Curriculum 29: Troubleshooting Playbook

Networking Failures & DNS

18 min · 35 XP

Troubleshooting Networking Failures

Network issues in Kubernetes range from DNS resolution failures to service connectivity problems. A systematic debugging approach saves time.

DNS Debugging

DNS is the most common source of networking failures.
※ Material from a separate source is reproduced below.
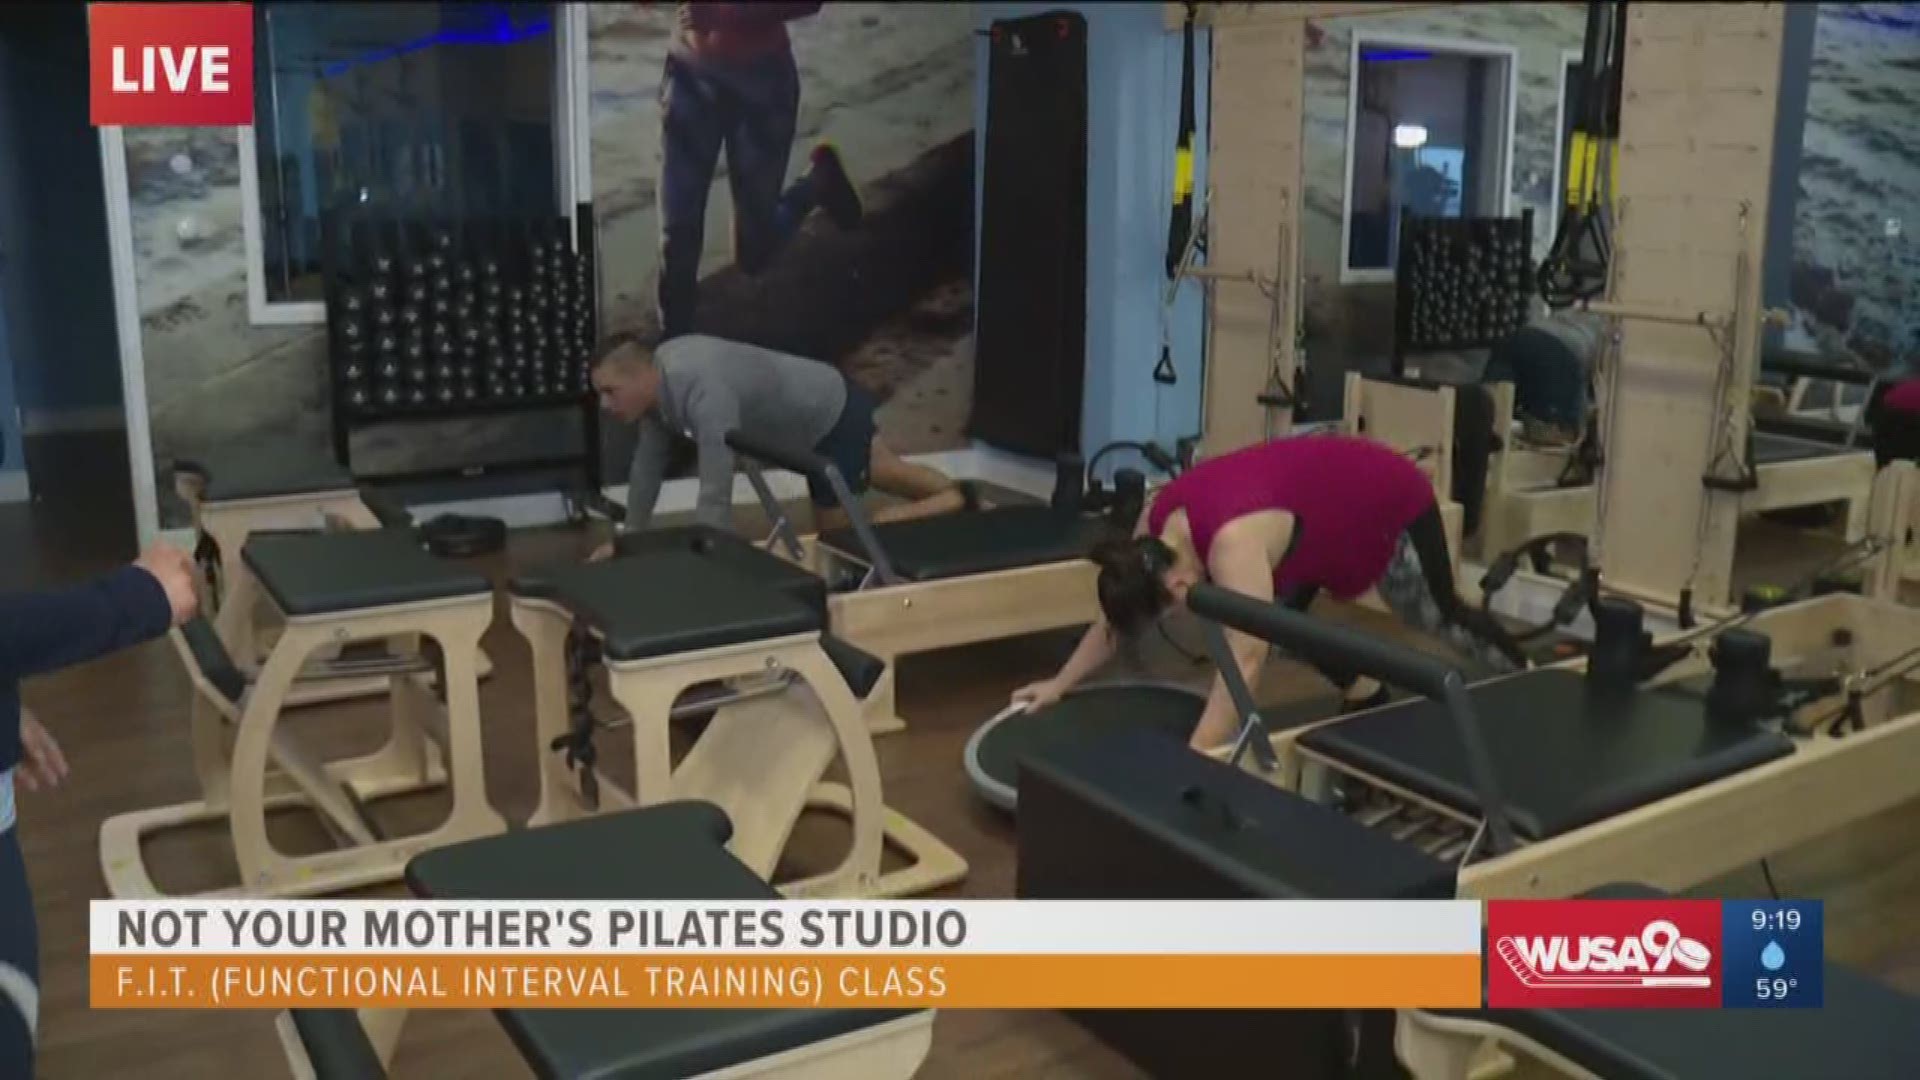 Watch Andi Hauser as she demonstrates some upgraded pilates moves that you can try at the new Club Pilates location in Tysons Corner.

CoreDNS resolves service names within the cluster:

# Run a temporary debug pod with DNS tools
kubectl run dns-debug --rm -it --image=busybox -- /bin/sh

# Inside the debug pod, test DNS resolution
nslookup kubernetes.default.svc.cluster.local
nslookup my-service.production.svc.cluster.local

# Check if CoreDNS pods are running
kubectl get pods -n kube-system -l k8s-app=kube-dns

# View CoreDNS logs for errors
kubectl logs -n kube-system -l k8s-app=kube-dns --tail=50

# Check CoreDNS configmap
kubectl get configmap coredns -n kube-system -o yaml

Service Connectivity

# Verify the service exists and has endpoints
kubectl get svc my-service -n production
kubectl get endpoints my-service -n production

# If endpoints are empty, check label selectors
kubectl get svc my-service -o jsonpath='{.spec.selector}'
kubectl get pods -l app=myapp -n production

# Test connectivity from within the cluster
kubectl run curl-test --rm -it --image=curlimages/curl -- \
  curl -v http://my-service.production.svc:8080/health

Pod-to-Pod Communication

# Get the pod IP
kubectl get pod myapp -o jsonpath='{.status.podIP}'

# Test direct pod-to-pod connectivity
kubectl run net-test --rm -it --image=busybox -- \
  wget -qO- http://10.244.1.15:8080

# Check if network policies are blocking traffic
kubectl get networkpolicies -n production

# Verify the CNI plugin is healthy
kubectl get pods -n kube-system | grep -E "calico|flannel|cilium"

Common Fixes

# Restart CoreDNS if DNS is broken
kubectl rollout restart deployment/coredns -n kube-system

# Check node-to-node connectivity
kubectl get nodes -o wide  # Compare INTERNAL-IP addresses

# Verify kube-proxy is running
kubectl get pods -n kube-system -l k8s-app=kube-proxy

When debugging, work from the application layer down: DNS first, then service endpoints, then pod IPs, then node networking.